Council members generally spoke in favor of the developer's proposed shift away from the site's historic use as a toxic storage site. Alter and District 5 Council Member Ann Kitchen also questioned the scope and merits of several project components billed as community benefits.

The item was approved on first reading and its public hearing left open for further consideration by council in May with Kitchen, Alter and District 2 Council Member Vanessa Fuentes abstaining and Kelly absent from the vote.


Red River District improvements

A construction contract for improvements in the Red River Cultural District totaling around $1.15 million was unanimously approved via consent by council. The project's scope stretches along Red River Street from south of East Seventh Street to just north of East 10th Street and will include fixes such as art, lighting and mobility enhancements.

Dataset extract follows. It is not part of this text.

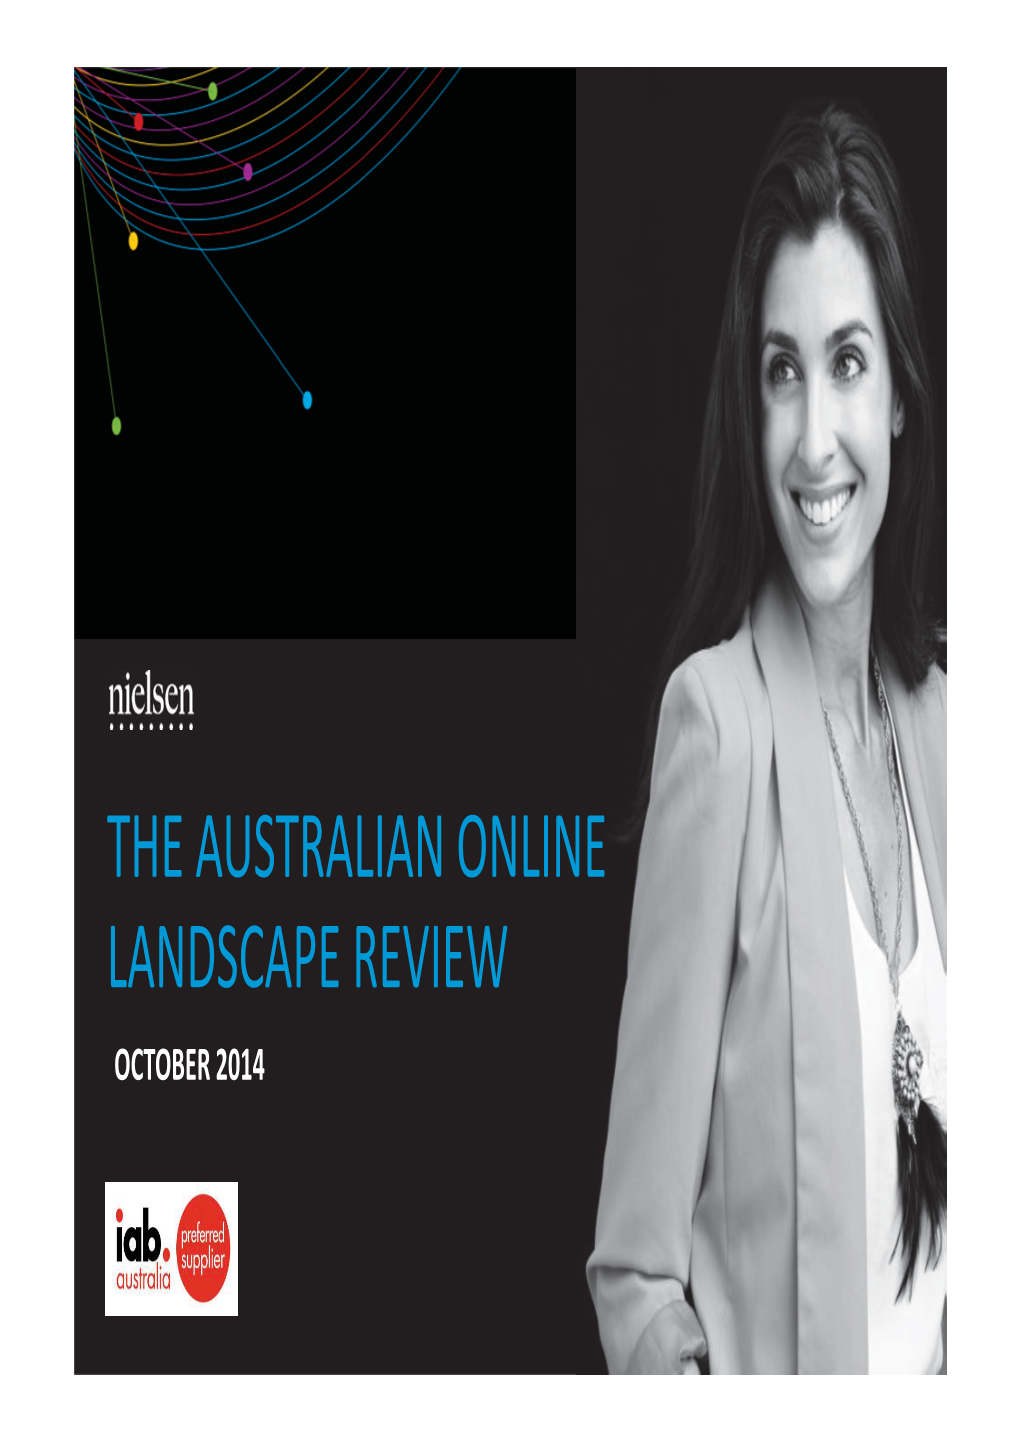 THE AUSTRALIAN ONLINE LANDSCAPE REVIEW OCTOBER 2014 Copyright ©2014 the Nielsen Company
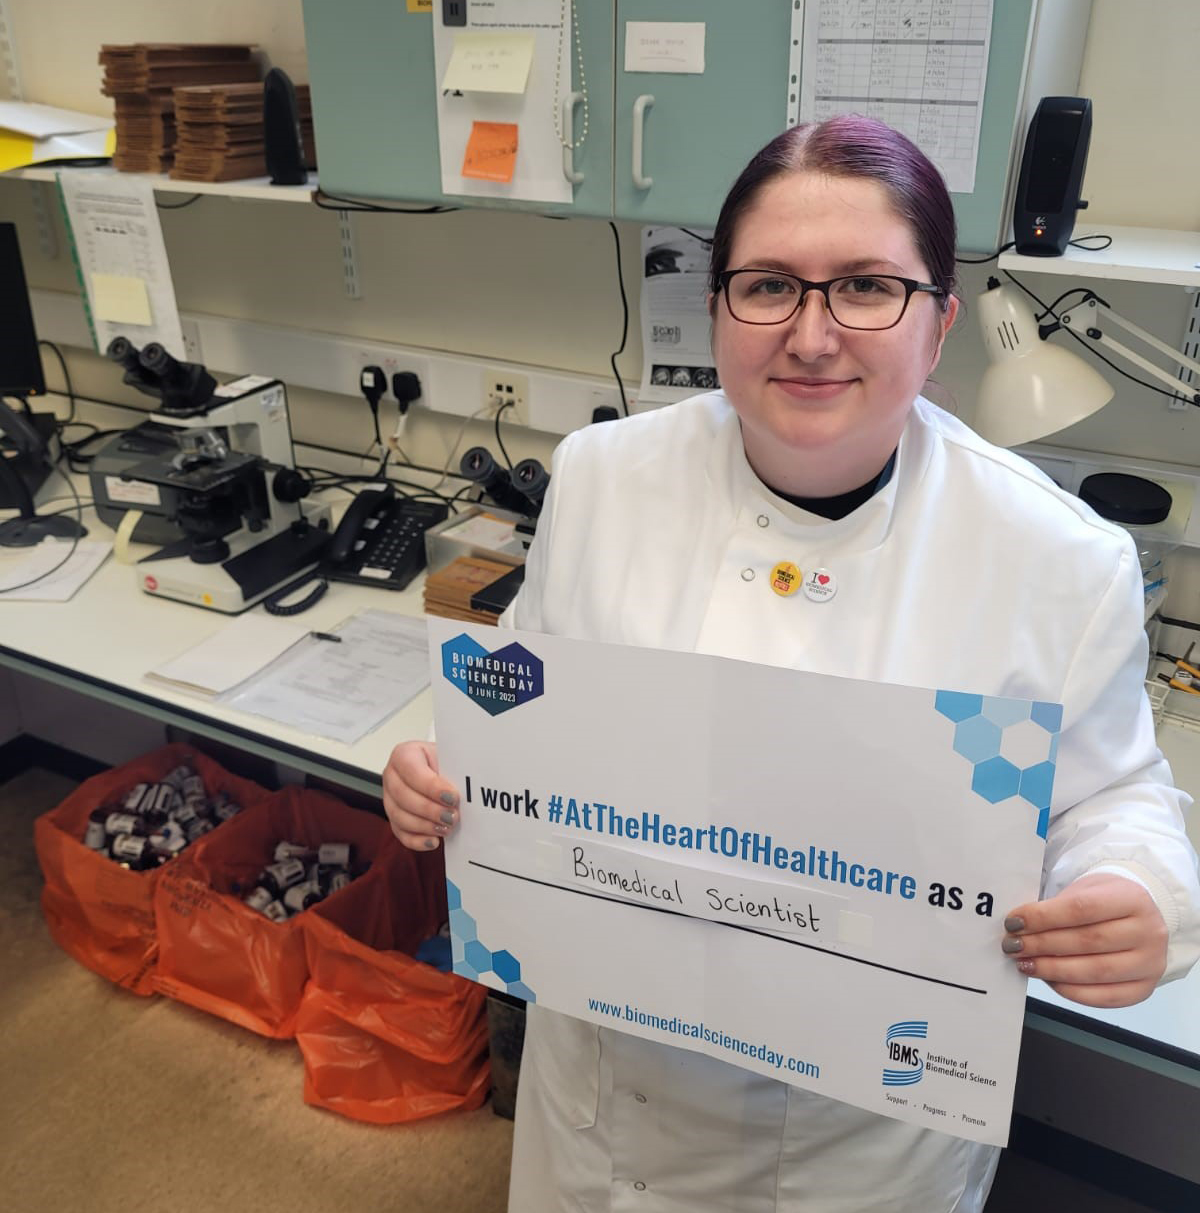 Elisha Hughes in a lab holding a BMS certificate noting that they work as a biomedical scientist

Council Member Natasha Harper-Madison said the effort is geared toward assisting the cultural district's pandemic rebound this year with the hope that construction can wrap prior to an expected surge in patronage as vaccinations and reopening efforts continue.

"The pandemic really has been an absolute gut punch to the people who make Red River what it is," Harper-Madison said. "We’ll hopefully get to see the floodgates open soon, and the moment we hit that herd immunity ... those bars and clubs that have been sucking wind for the past year, they don’t need any extra disruption."